Things midwives should not do:

After EMCS under GA, fail to mention to me that my baby survived. I'm still traumatised because I thought no one had said anything because they were waiting for a doctor to give me the bad news. (Fortunately my DC was resuscitated and survived).

Make DP wait in corridor during CS then fail to tell DH that I had survived. Someone handed newly resuscitated DC to DP without a word. DP asked if I was alright, was told that someone would come out in a minute to say. Waited over 30 mins for anyone to appear.

In early labour: take delight in ensuring that I was left alone. MW on ward was very pleased to explain that my DP would be kicked out at 9pm because I would still be on the antenatal ward and not transferred to the labour suite by then.

Refuse to transfer me to labour suite because "it's too soon".

Offer to run a bath when I request an epidural that might help bring down my extremely high blood pressure.

Forget to phone DP to come in after I had transferred to labour suite. Ended up alone for 8 hours.

Uriel · 05/12/2009 02:48

To the hospital midwives who sent me for a lukewarm bath when I told them I couldn't take the pain anymore and then 15 minutes later told me it was too late for pain relief - refresher training please. I had dc 30 minutes after that.

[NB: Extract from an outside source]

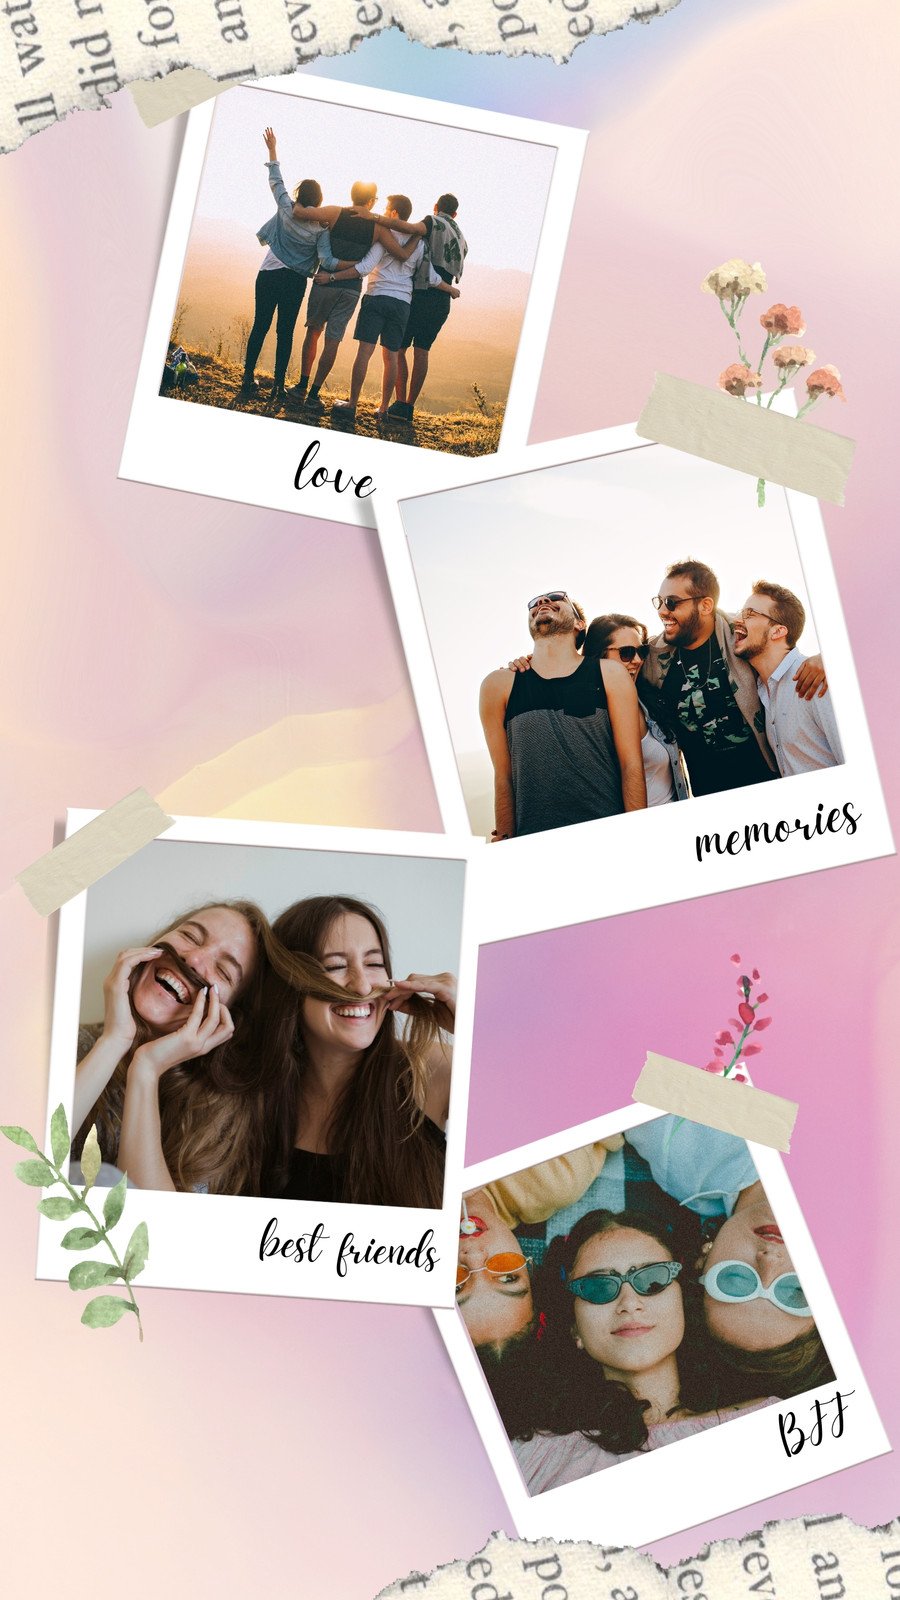 Add a Photo Frame Effect To Your Pictures - Canva
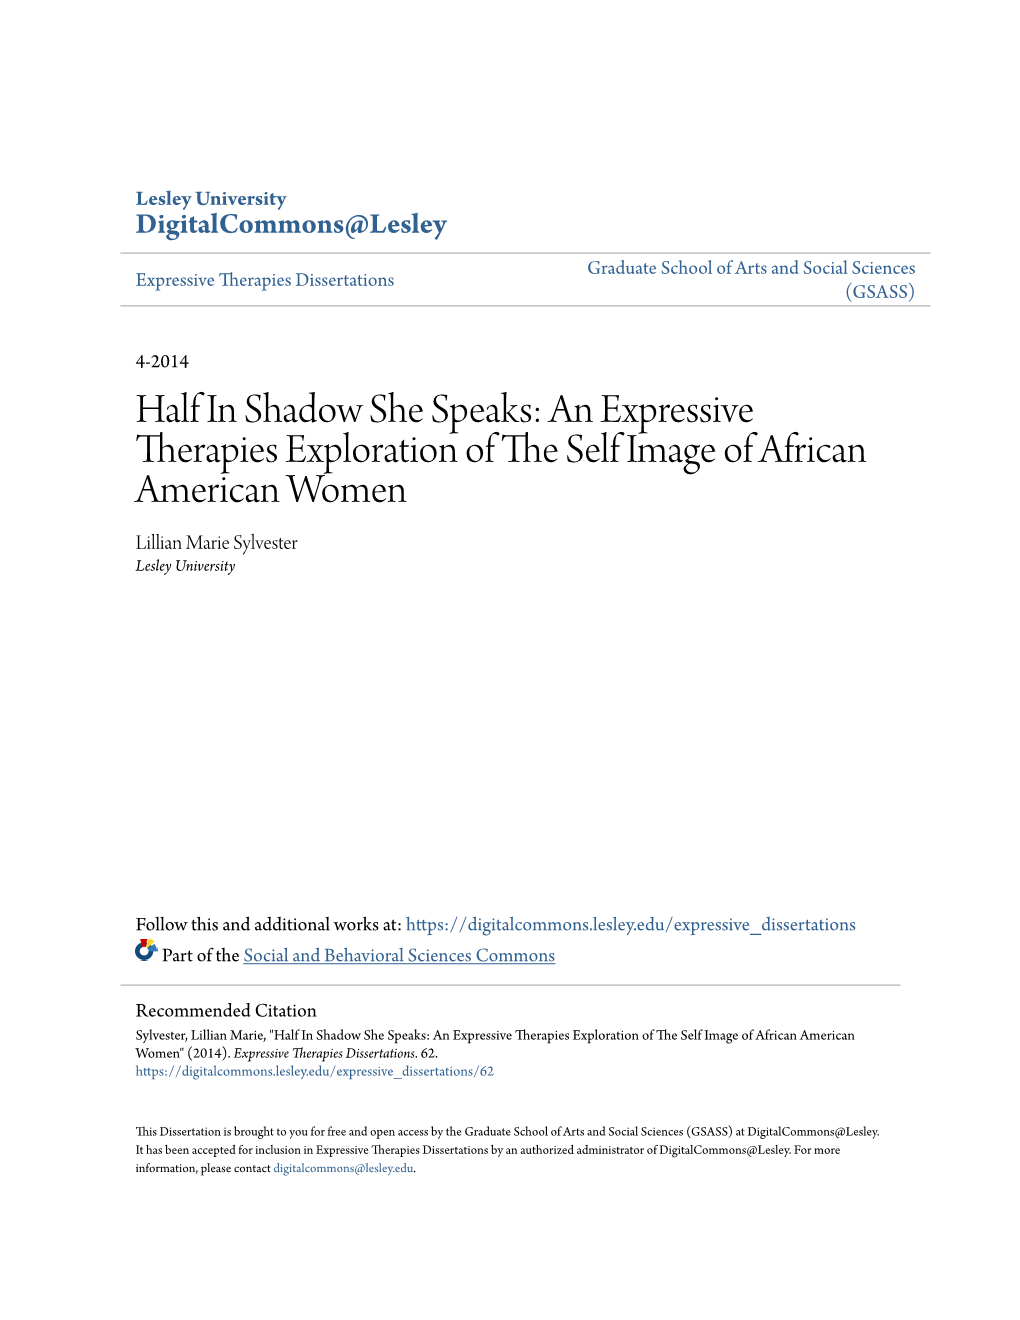 An Expressive Therapies Exploration of the Els F Image of African American Women Lillian Marie Sylvester Lesley University

To the midwives I had for my homebirths - can't praise them enough. Fantastic care.

jabberwocky · 05/12/2009 03:25

I'm in the US so realize that this may be completely disregarded but as a 5 year contributor to MN I have read quite a bit about UK deliveries. I used a MW in the US for my first birth and ds1 almost did not survive the experience. We were in a teaching hospital here and had possibly similar care to that of the NHS. With ds2 I went with more typical US pre-natal care and an elective section (since I had PN PTSD after ds1's birth). It was wonderful. So, after reading and reviewing more natural types of births with MWs and discussing the more medical births we have here I say "Give me the medical birth with the private room and the lactation consultant every time!".